In 1773, Mr. Wilkes brought his case before the House, in the shape of a frivolous complaint against the Deputy-Clerk of the Crown, who had refused to give him a certificate, as one of the members for Middlesex. Sir G. Savile, also, renewed his motion for a bill to secure the rights of electors, and found one hundred and fifty supporters. Mr. Burke took this occasion to predict that, 'there would come a time when those now in office would be reduced to their penitentials, for having turned a deaf ear to the voice of the people.' In 1774, Sir G. Savile renewed his [25] motion for a bill to secure the rights of electors, with the usual result.
The Parliament, which had been in continual conflict with Wilkes for five years, was now dissolved, and Wilkes was again returned for Middlesex. According to the resolution of the Commons, his incapacity had been to the late Parliament; and he now took his seat without further molestation. Before the meeting of Parliament, Wilkes had also attained the civic honour,—being elected Lord Mayor of London.
He did not fail to take advantage of his new privilege; and on the 22nd February, 1775, he moved that the resolution which had declared his incapacity, be expunged from the journals, 'as subversive of the rights of the whole body of electors.' He said, 'the people had made his cause their own, for they saw the powers of the government exerted against the constitution, which was wounded through his sides.' He recapitulated the circumstances of his case; referred very cleverly to the various authorities and precedents;—and showed the dangerous consequences of allowing a resolution to remain upon the journals, which was a violation of the law. He was ably supported by Mr. Sergeant Glynn, Sir George Savile, and Mr. Wedderburn; and in the division secured one hundred and seventy-one votes.

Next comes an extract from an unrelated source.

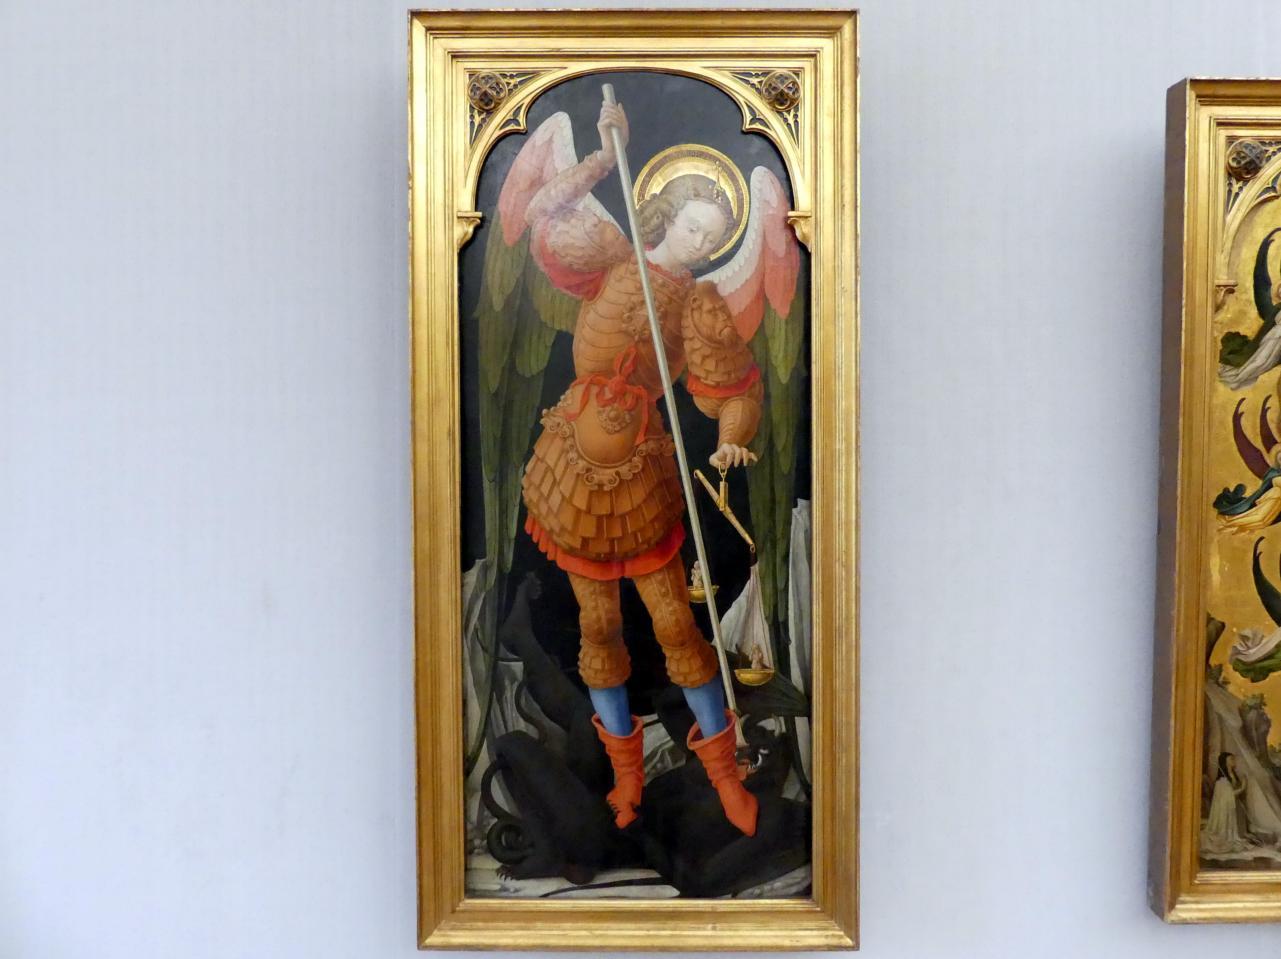 Bartolomeo Vivarini: Der Erzengel Michael mit der Seelenwaage, Undatiert

He renewed, this motion in 1776, in 1777, in [26] 1779, and in 1781. At length, on the 3rd of May, 1782, he proposed it for the last time, and with signal success. The Rockingham ministry was in office, and had resolved to condemn the proceedings of the Commons, which its leading members had always disapproved. Mr. Fox was now the only statesman, of any eminence, by whom Wilkes' motion was opposed. He had always maintained that the Commons had not exceeded their powers; and he still consistently supported that opinion, in opposition to the premier and the leaders of his party. Wilkes' motion was now carried by a triumphant majority of sixty-eight; and by order of the House, all the declarations, orders, and resolutions, respecting the Middlesex election, were expunged from the journals, as being subversive of the rights of the whole body of electors in this kingdom.
Thus at length, this weary contest was brought to a close. A former House of Commons, too eager in its vengeance, had exceeded its powers; and now a succeeding Parliament reversed its judgment. This decision of 1782 stands out as a warning to both Houses, to act within the limits of their jurisdiction, and in strict conformity with the laws. An abuse of privilege is even more dangerous than an abuse of prerogative. In the one case, the wrong is done by an irresponsible body: in the other the ministers who advised it, are open to censure and punishment. The judgment of [27] offences especially, should be guided by the severest principles of law. Mr. Burke applied to the judicature of privilege, in such cases, Lord Bacon's description of the Star Chamber,—'a court of criminal equity:' saying, 'a large and liberal construction in offences, and a discretionary power in punishing them, is the idea of criminal equity, which is in truth a monster in jurisprudence.'(3) The vindictive exercise of privilege,—once as frequent as it was lawless,—was now discredited and condemned.